Die Empfehlung der Sachverständigen lautete klar auf stationäre Behandlung. Das
Appellationsgericht hätte keinen Grund gehabt, an deren Stelle eine ambulante
Massnahme anzuordnen, nur um der Gesuchstellerin den Eintritt in eine
stationäre Behandlungsstation zu ersparen. Auch unter dem Gesichtspunkt der
Verhältnismässigkeit hätte sich dies nicht aufgedrängt, stand die Gesuchstellerin
immerhin wegen eines versuchten Tötungsdelikts vor Gericht“,
dass an dieser Beurteilung auch unter
Berücksichtigung des neuen Gutachtens festgehalten wird,
dass bei dieser Situation das Gesuch im Falle
seiner Beurteilung wohl gemäss § 192 Abs. 1 StPO BS ohne weiteres
Verfahren abgewiesen worden wäre,
dass die Gesuchstellerin deshalb die Kosten des
vorliegenden Verfahrens zu tragen hat (§ 165 Abs. 2 in Verbindung mit § 35 StPO
BS), wobei die Abschreibung des Verfahrens zufolge Gegenstandslosigkeit bei der
Festlegung der Gebühr berücksichtigt werden kann,
dass das Gesuch um Bewilligung der unentgeltlichen
Verteidigung gutgeheissen werden kann und der Verteidiger gemäss dem von ihm
geltend gemachten Aufwand aus der Gerichtskasse zu entschädigen ist,
und erkennt:
://: Das Verfahren wird zufolge
Gegenstandslosigkeit des Gesuchs um Wiederaufnahme des mit Urteil des Appellationsgerichts
vom 3. März 2010 abgeschlossenen Strafverfahrens als erledigt abgeschrieben.
Die Gesuchstellerin trägt die Kosten des
Gesuchsverfahrens mit einer Gebühr von CHF 200.–.

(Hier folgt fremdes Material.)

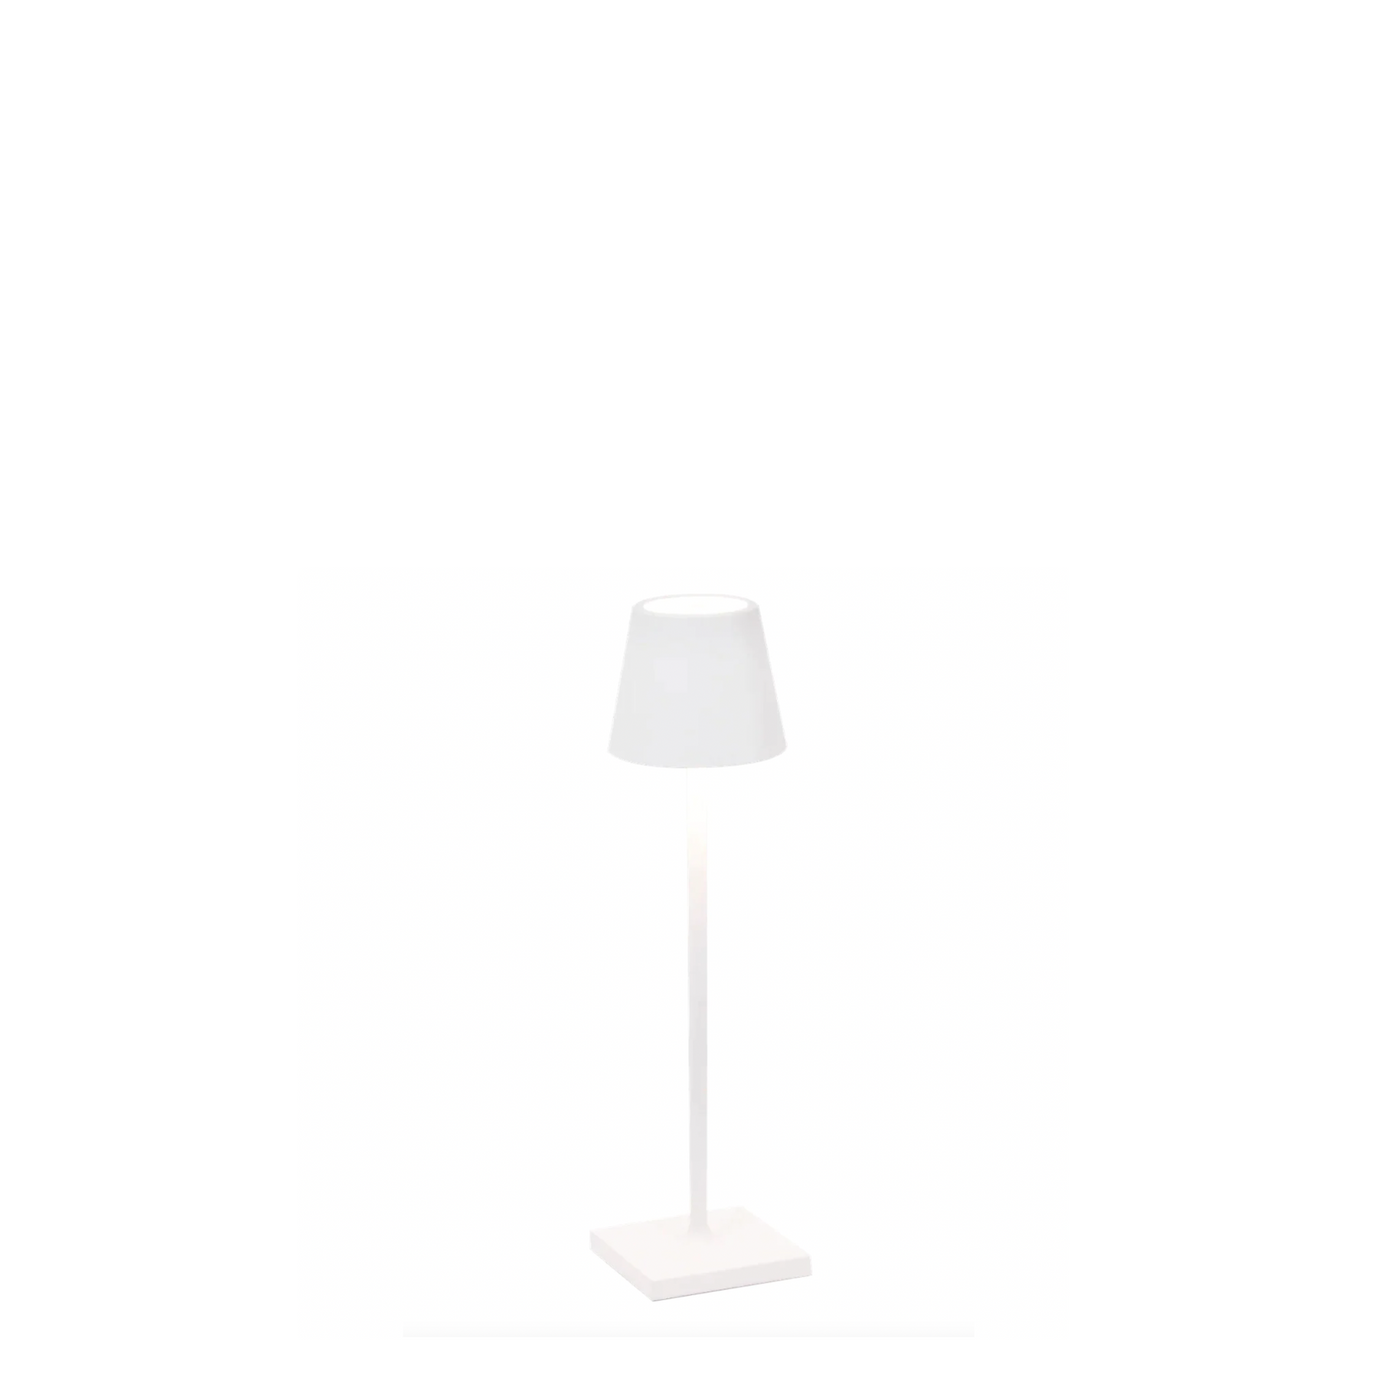 Poldina Pro Micro Cordless Table Lamp | Newport Lamp And Shade | Located in Newport, RI

Dem unentgeltlichen Vertreter, Dr. […],
werden ein Honorar von CHF 3‘116.– und ein Auslagenersatz von CHF 140.–,
zuzüglich 8 % MWST von insgesamt CHF 260.50, aus der Gerichtskasse
ausgerichtet.
APPELLATIONSGERICHT BASEL-STADT
Die Gerichtsschreiberin
lic. iur. Saskia Schärer
Rechtsmittelbelehrung
Gegen diesen
Entscheid kann unter den Voraussetzungen von Art. 78 ff. des Bundesgerichtsgesetzes
[BGG] innert 30 Tagen seit schriftlicher Eröffnung Beschwerde in Strafsachen
erhoben werden. Die Beschwerdeschrift ist fristgerecht dem Bundesgericht (1000
Lausanne 14) einzureichen. Für die Anforderungen an deren Inhalt wird auf Art.
42 BGG verwiesen. Über die Zulässigkeit des Rechtsmittels entscheidet das
Bundesgericht.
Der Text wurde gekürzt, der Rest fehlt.